Businesses can expect stricter carbon pollution regulations coming soon — and that’s not necessarily a bad thing, according to some.
We saw this reasoning explained in companies’ briefs supporting the EPA’s Clean Power Plan last week, with major tech firms Apple, Google, Amazon and Microsoft, along with Ikea and Mars arguing that the power plant emissions rules are “good for business.”
“When companies representing half a trillion dollars in revenue publicly support smart climate policy like the Clean Power Plan, I think we can safely put to rest the argument that regulatory action on climate will lead to economic ruin,” Environmental Defense Fund’s Tom Murray told Environmental Leader.
The Clean Power Plan will actually reduce electricity costs, these businesses argue in friends of the court briefs filed April 1. Most of the largest businesses in the US have set specific goals to boost renewable energy use to help “cut costs and hedge the risks of relying on entirely on increasingly volatile fossil fuels,” according to one such brief. Keeping the Clean Power Plan on track will stimulate more renewable investments and “long-term price certainty.”
Additionally, uncertainty around the Clean Power Plan and the future of high-emitting fuel sources, both domestically and globally, makes long-term business planning a “difficult challenge,” they say.
Another reason to include climate risk in low-term business planning is the US-China joint presidential statement made last week announcing that both countries — the world’s two biggest carbon polluters, accounting for about 40 percent of such releases — will sign the Paris climate deal on Earth Day, April 22. The Paris climate deal, reached at COP21 in December, commits the world’s countries to keep a global temperature rise this century to below 2 degrees Celsius.
“This is really an example of how climate change is a mainstream thing businesses need to pay attention to,” MIT professor Noelle Selin said in an interview with Environmental Leader. “Of course, Paris is agreed to by countries but businesses have to go home and implement it.”
Selin is teaching a professional education course about why climate change is becoming a key factor for a successful business. Climate change affects businesses, from electricity prices to supply chain costs and resource availability, to extreme weather events, Selin says. She points to the insurance industry as an example of one sector already doing this: extreme weather events like super storms and floods increase insurance losses.
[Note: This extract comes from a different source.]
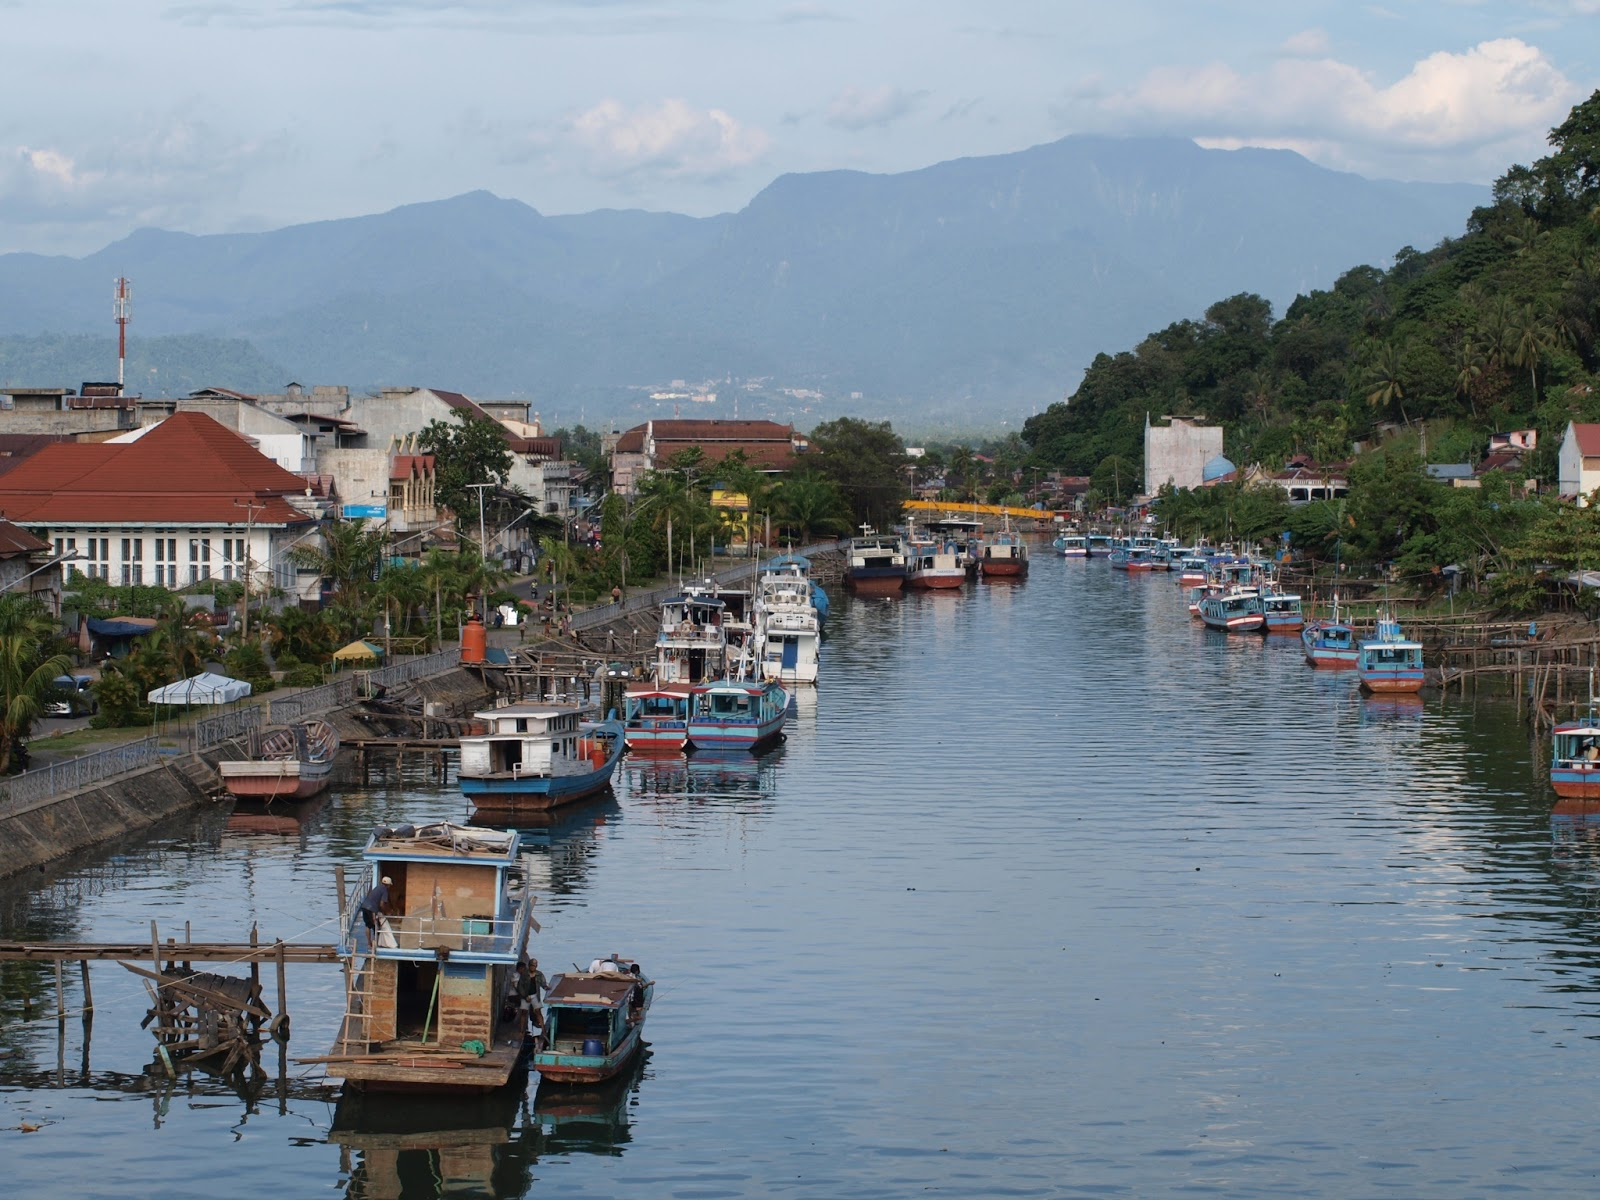 Wisata Minangkabau Menikmati Senja Jembatan Siti Nurbaya Pelabuhan Muaro Kisah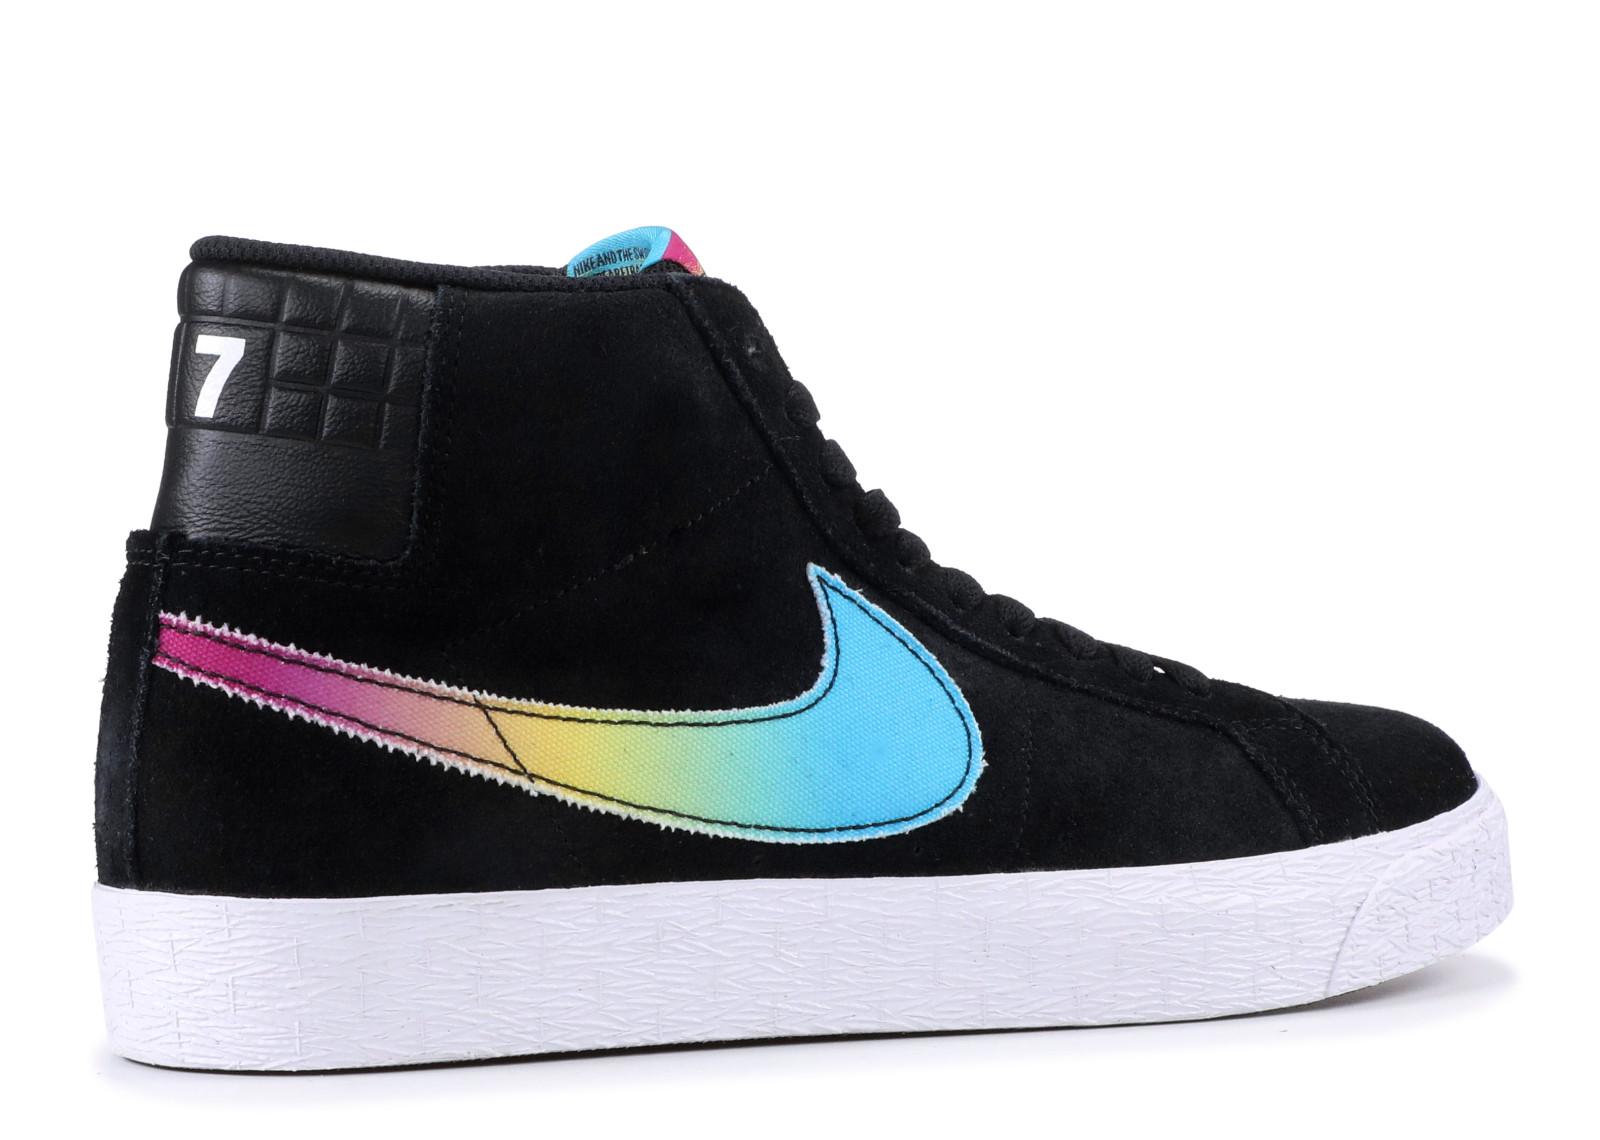 buy popular 45963 d3edc Nike SB Blazer Zoom Mid Lance Mountain 70s Black - 1

“If you’re planning strategically, you need to take climate change into account because it will affect you,” Selin says. “It’s a management of risk. Businesses that are out in front of this will see benefits because they will be able to compete better.”
The US-China announcement last week makes it clear to businesses that climate change policy is coming, which means in addition to the other environmental and business benefits, reducing emissions will lower compliance costs for companies and put them less at risk of facing regulatory action.
The Obama administration has said the Clean Power Plan will play a key role in helping the US achieve its global warming targets. The plan, which has been challenged in the courts, would cut carbon emissions by 32 percent by 2030, compared to 2005 levels. Having a set policy in place will benefit business, Selin says.
“For businesses, whether you think is perfect or not, the question is really adapting to what’s there and being able to have predictability,” she says. “Once you have a rule in place you can then adjust your business model accordingly and make decisions accordingly. What we’ve had over the past several years is the big unknown so the question has been how — if at all — is the US going to regulate CO2? Now, with the Clean Power Plan, it gives some certainty of what the landscape is going to look like. You see a lot of these companies saying OK we want to plan for the future and the Clean Power Plan is what we’ve got.”
Some businesses are already taking steps to plan for a low-carbon future, such as the 122 companies including Ikea, Coca-Cola Enterprises, Walmart, Kellogg and Dell that have committed to set emissions reduction targets in line with what scientists say is necessary to keep global warming below the threshold of 2 degrees Celsius. The Science Based Targets initiative is a joint effort of CDP (formerly Carbon Disclosure Project), World Resources Institute, World Wildlife Fund and UN Global Compact that works with companies to set science-based emissions targets and only approves corporate targets that meet its strict criteria.
To date, only 12 companies’ targets have been approved: Coca-Cola Enterprises, Dell, Enel, General Mills, Kellogg, NRG Energy, Procter & Gamble, Sony, Thalys, Pfizer, Coca-Cola Hellenic Bottling Company AG and International Post Corporation.
The US-China announcement should spur companies into action, Cynthia Cummis told Environmental Leader. Cummis is WRI’s lead on the Science Based Targets initiative.
“It’s notable that President Obama and President Xi Jinping reiterated the measures they would take to accelerate the growth of the low-carbon economy, citing their support for initiatives such as Mission Innovation and the Clean Energy Ministerial,” she says. “This puts companies on firmer ground to make the ambitious emissions cuts that climate scientists say are necessary. Companies should also consider the risks of ‘business as usual’ when the leaders of the world’s two greatest economic powers signal that change is coming.”